> **EXERCISE INSTRUCTIONS**:
Everything in the data gets repeated exactly, except for the pictures.

** DATA EXTRACT follows **

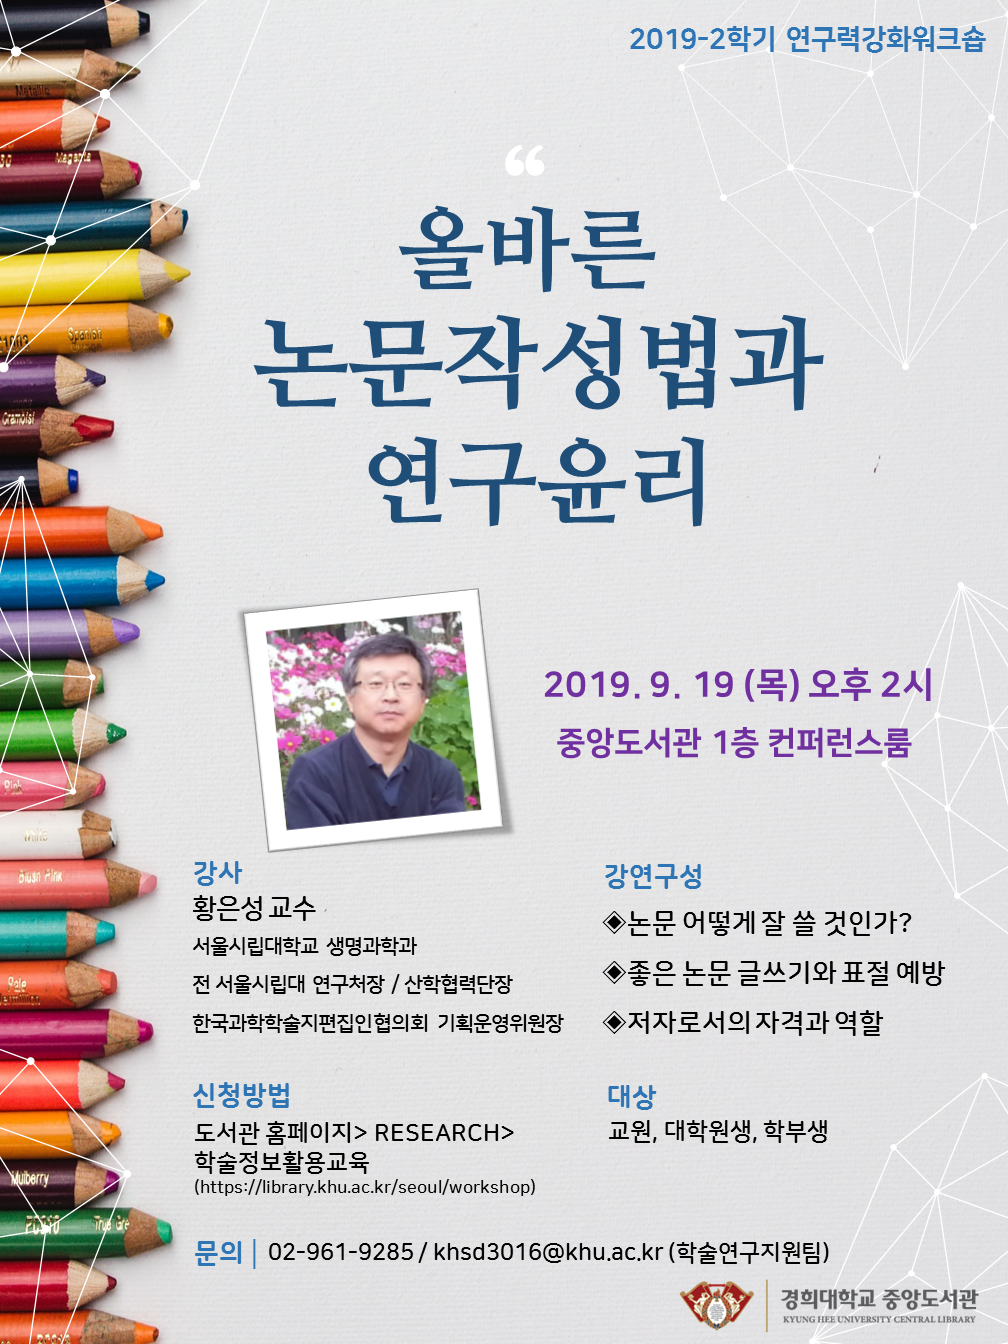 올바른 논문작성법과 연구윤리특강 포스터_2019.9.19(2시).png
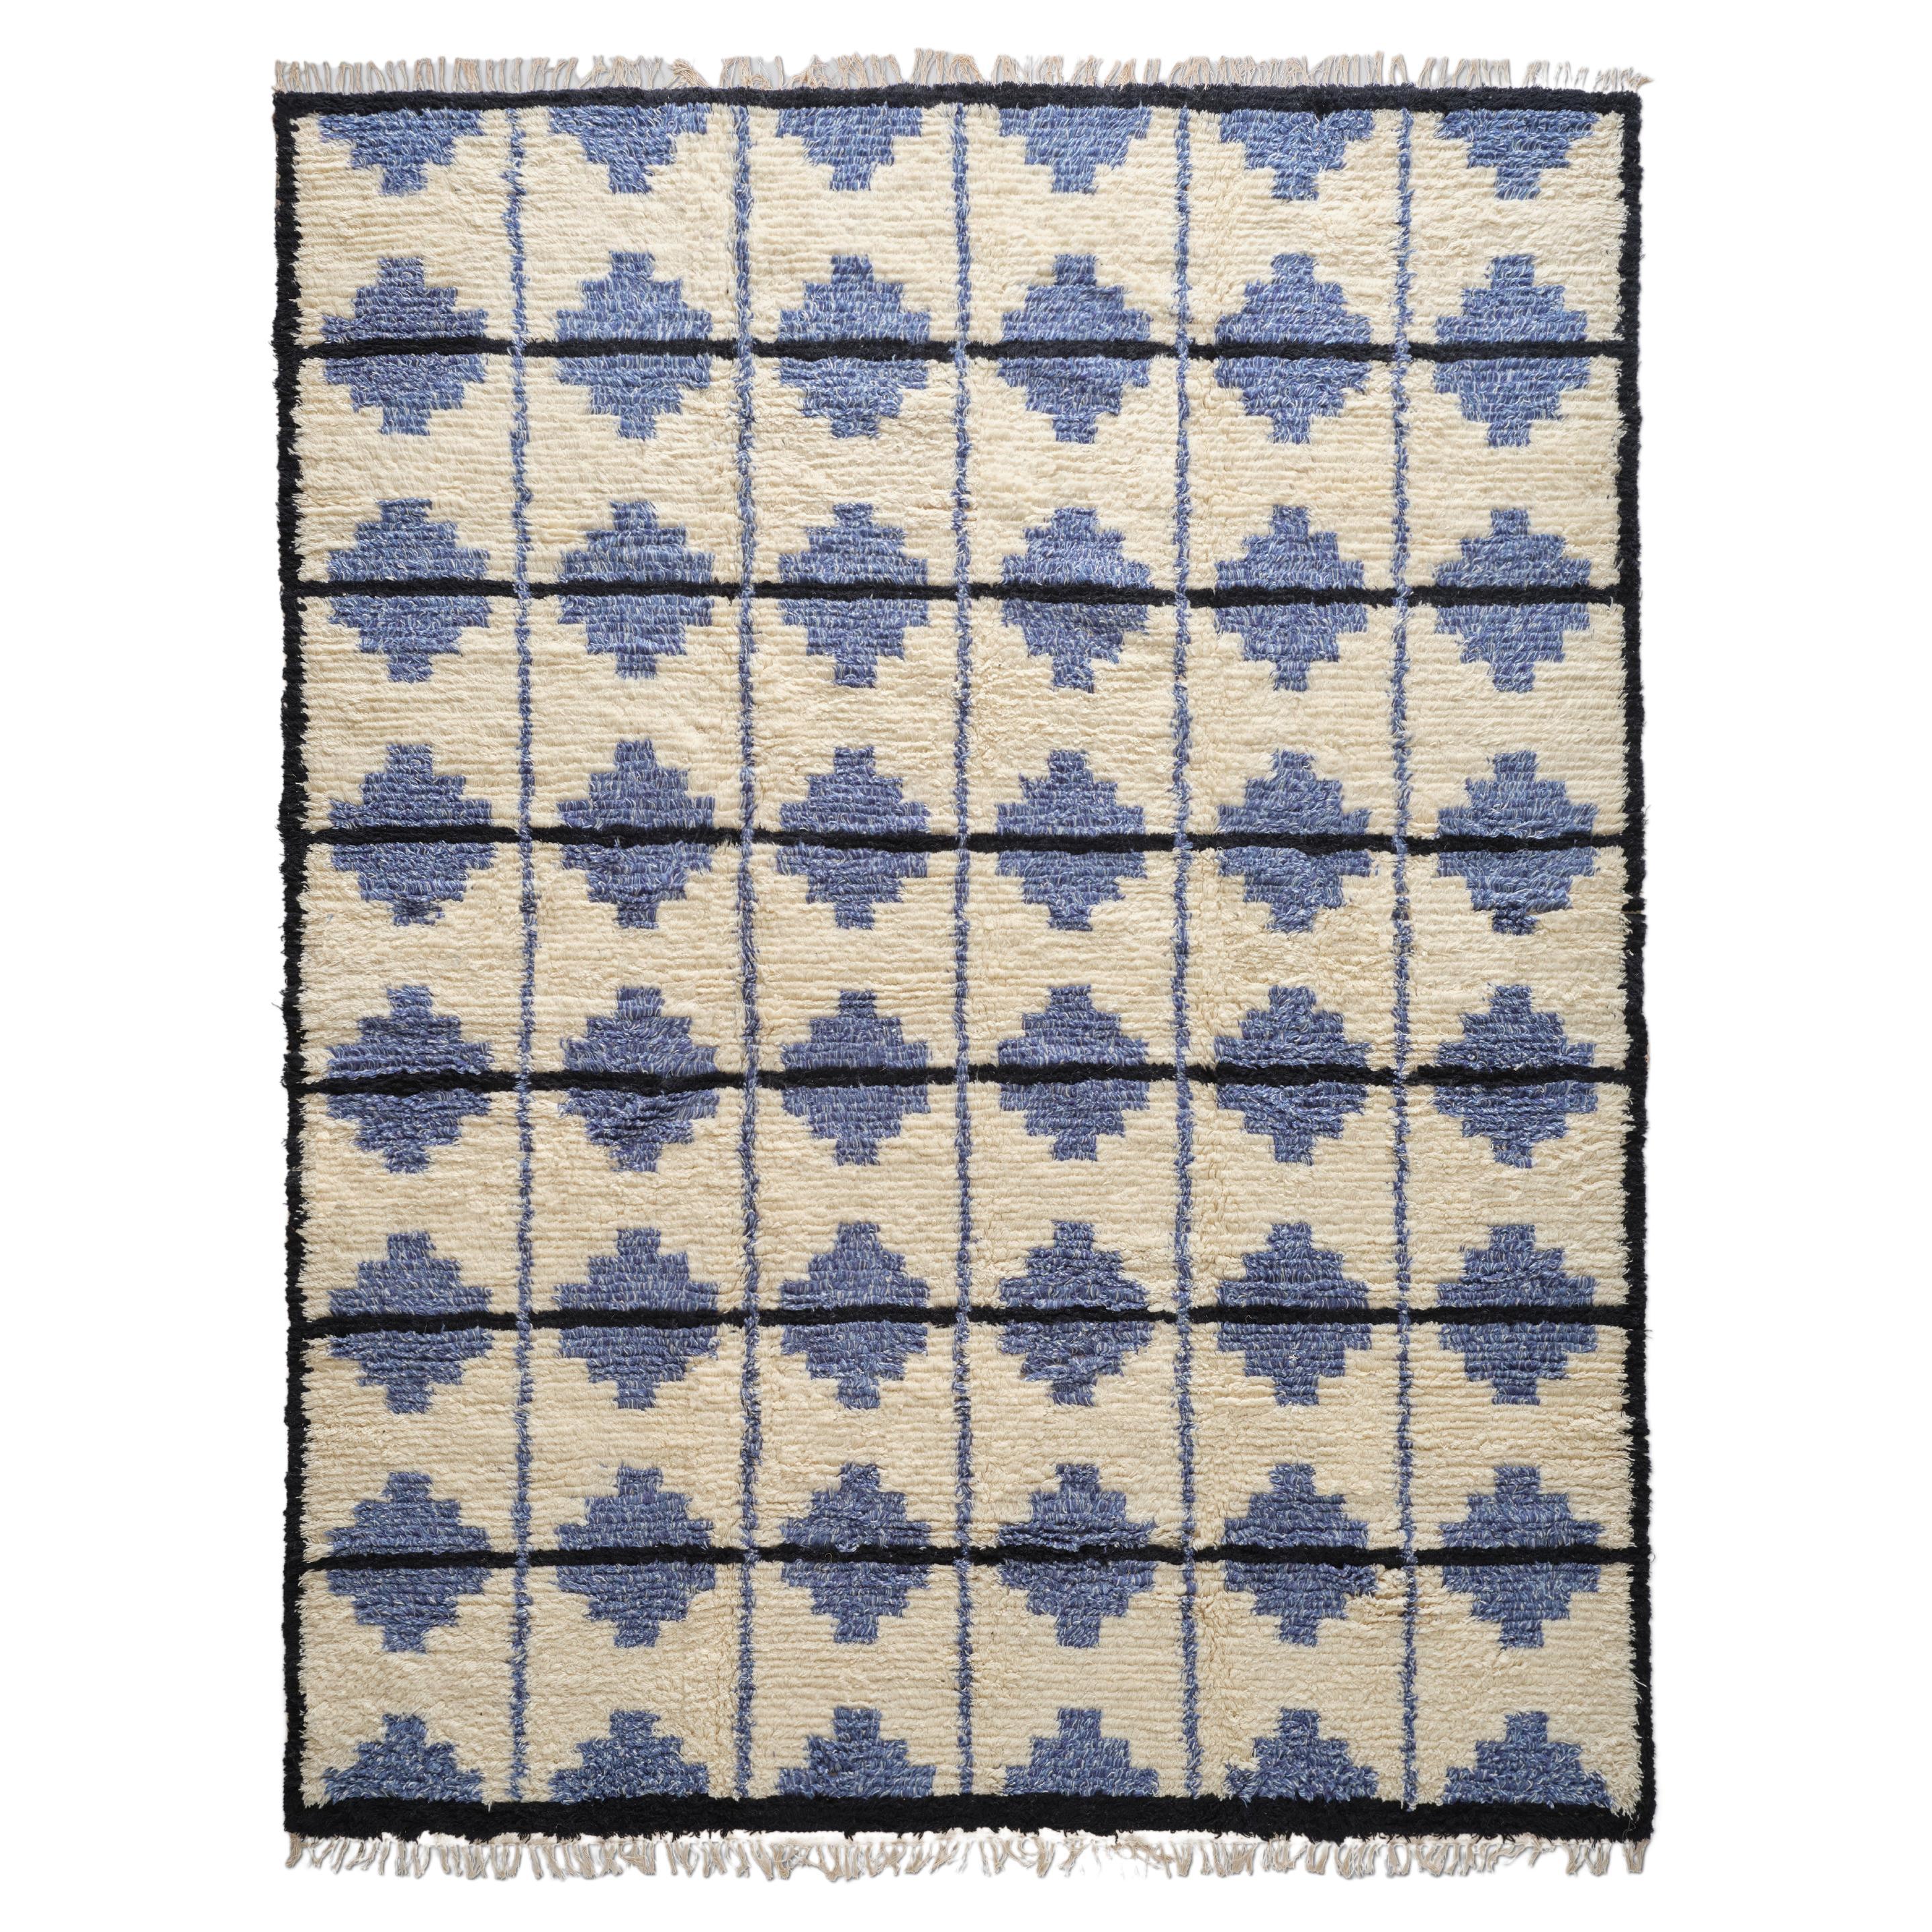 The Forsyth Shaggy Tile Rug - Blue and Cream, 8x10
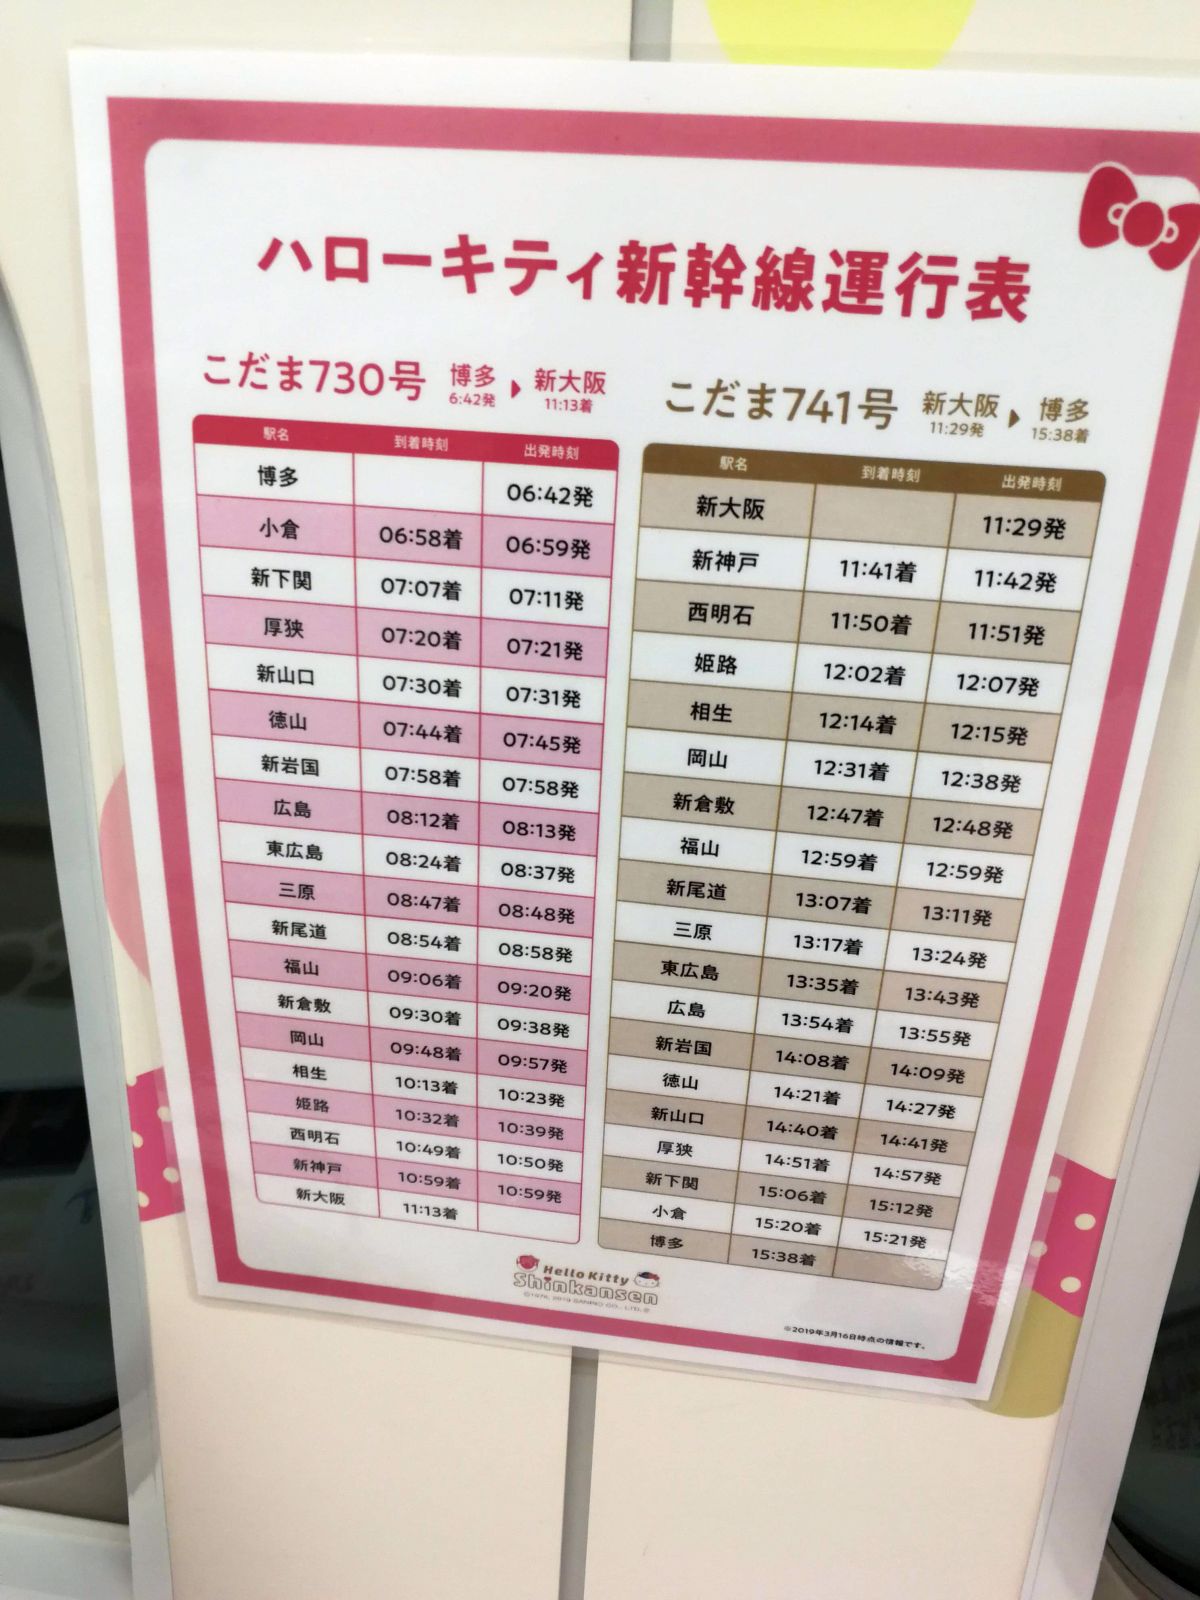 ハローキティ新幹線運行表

** End of DATA EXTRACT **

> **SOLUTION**:
 올바른 논문작성법과 연구윤리특강 포스터_2019.9.19(2시).png
 The Forsyth Shaggy Tile Rug - Blue and Cream, 8x10
 ハローキティ新幹線運行表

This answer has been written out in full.